Discussion: Longitudinal measurement of STEPS using a commercially-available activity monitor is feasible with high retention and reveals changes in daily function not otherwise captured by more traditional disability metrics.
Disclosure:
V. J. Block: nothing to disclose
R. Bove: Has received funding from the NMSS
A. Keshavan: nothing to disclose
C. Zhao: nothing to disclose
C. J. Bevan: nothing to disclose
E. Crabtree-Hartman: has received educational grants from the MS Foundation, Teva neurosciences, and Biogen. She has served as a consultant to Genzyme, Teva and Novartis. She is on the Speakers Bureau for Genzyme, Teva and Biogen
J. S. Graves: has current research grants from Race to Erase MS, National MS Society, Genentech, and Biogen.

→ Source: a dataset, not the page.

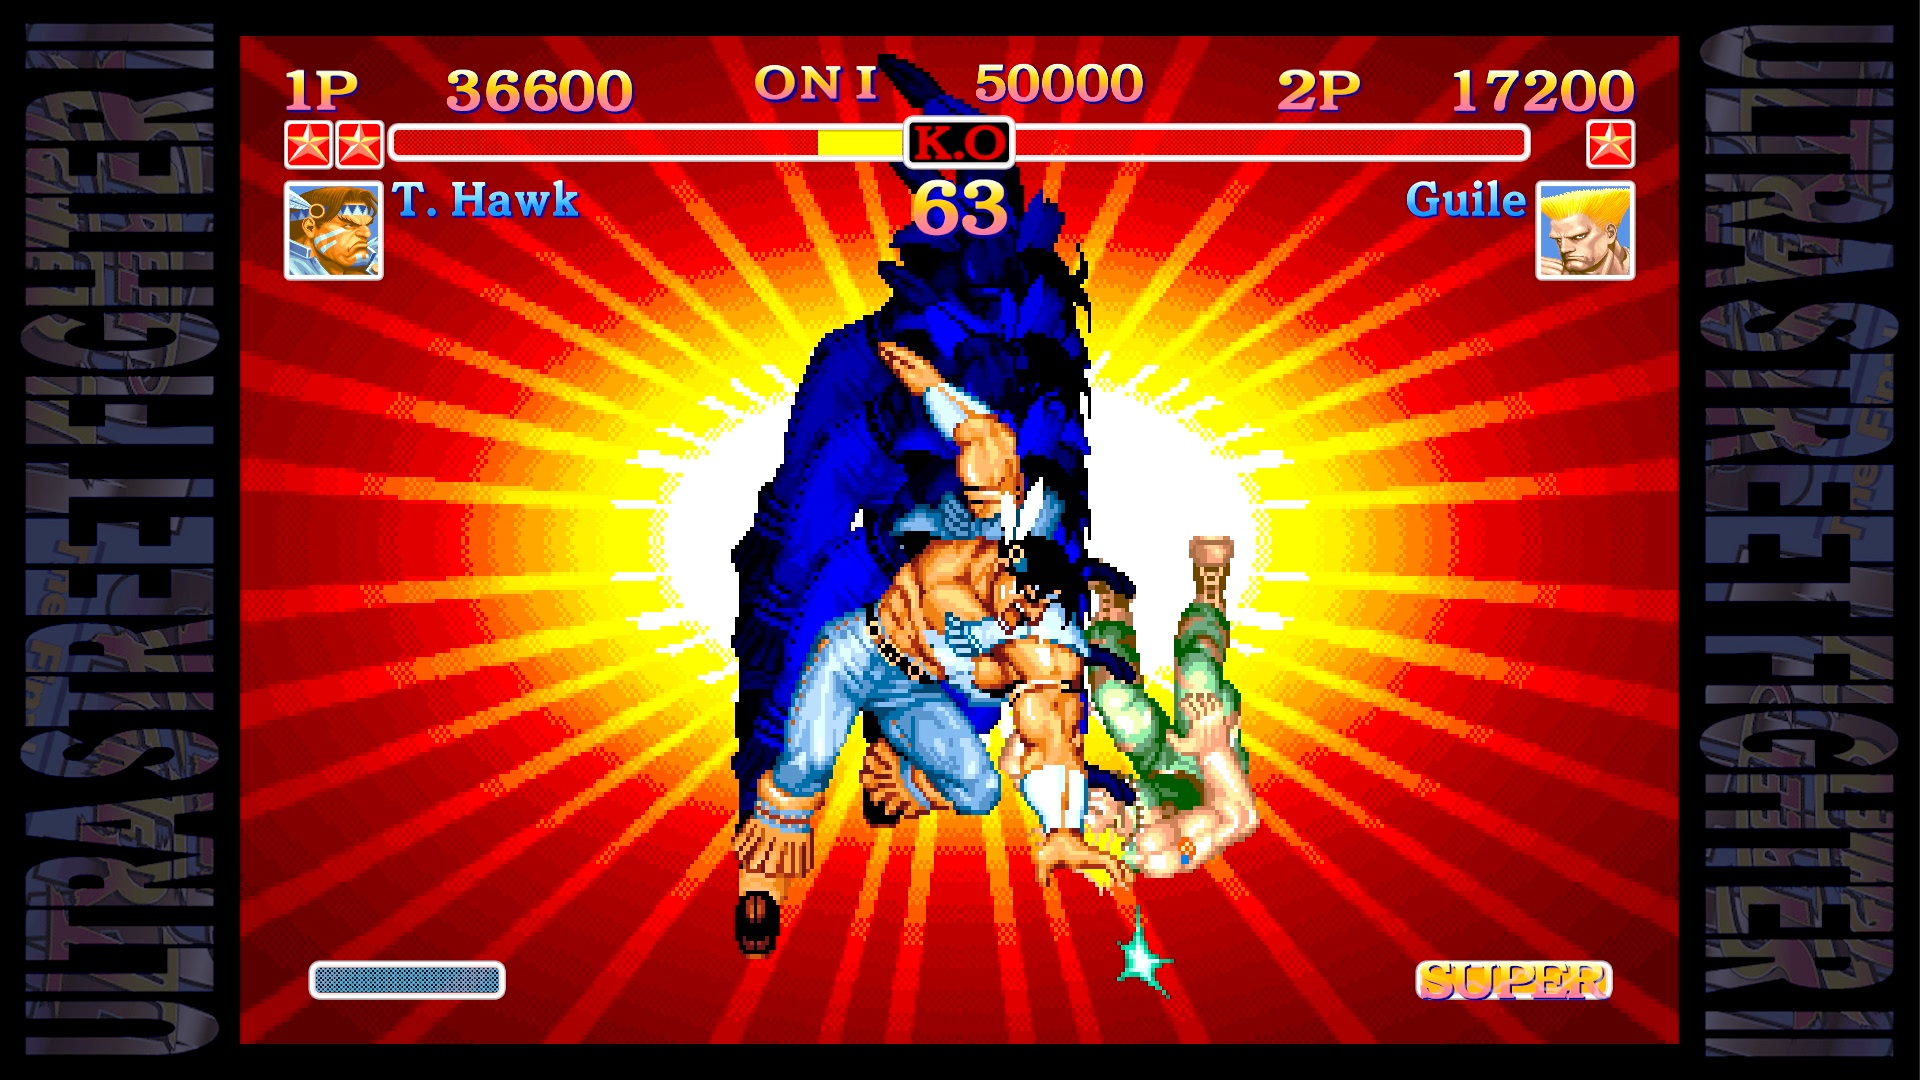 Ultra Street Fighter II Super Move

A. J. Green: has received research grants from the NMSS, NIH, Novartis and Inception 5 Sciences. He has served on an end point adjudication committee for Mediimmune and a steering committee for OCTIMs. He has served as an expert witness for Mylan and Amneal. He also is on the Scientific Advisory Board of Bionure and Inception Sciences.
P. Garcha: nothing to disclose
P-A. Gourraud: nothing to disclose
J. Pletcher: nothing to disclose
J. E. Olgin: nothing to disclose
G. M. Marcus: nothing to disclose
D. D. Allen: has received compensation as an instructor for the Neurologic Physical Therapy Residency Program at Kaiser Redwood City.
B. A. C. Cree: has received personal compensation for consulting from Abbvie, Biogen, EMD Serono, MedImmune, Novartis, Genzyme/sanofi aventis, Teva and has received contracted research support (including clinical trials) from Acorda, Biogen, EMD Serono, Hoffman La Roche, MedImmune, Novartis and Teva.
J. M. Gelfand: has served as a consultant on a scientific advisory board for MedImmune and Hoffman La Roche; has received research support from Quest Diagnostics through UCSF on a dementia care pathway; and has received compensation for medical legal consulting related to CNS inflammatory disorders.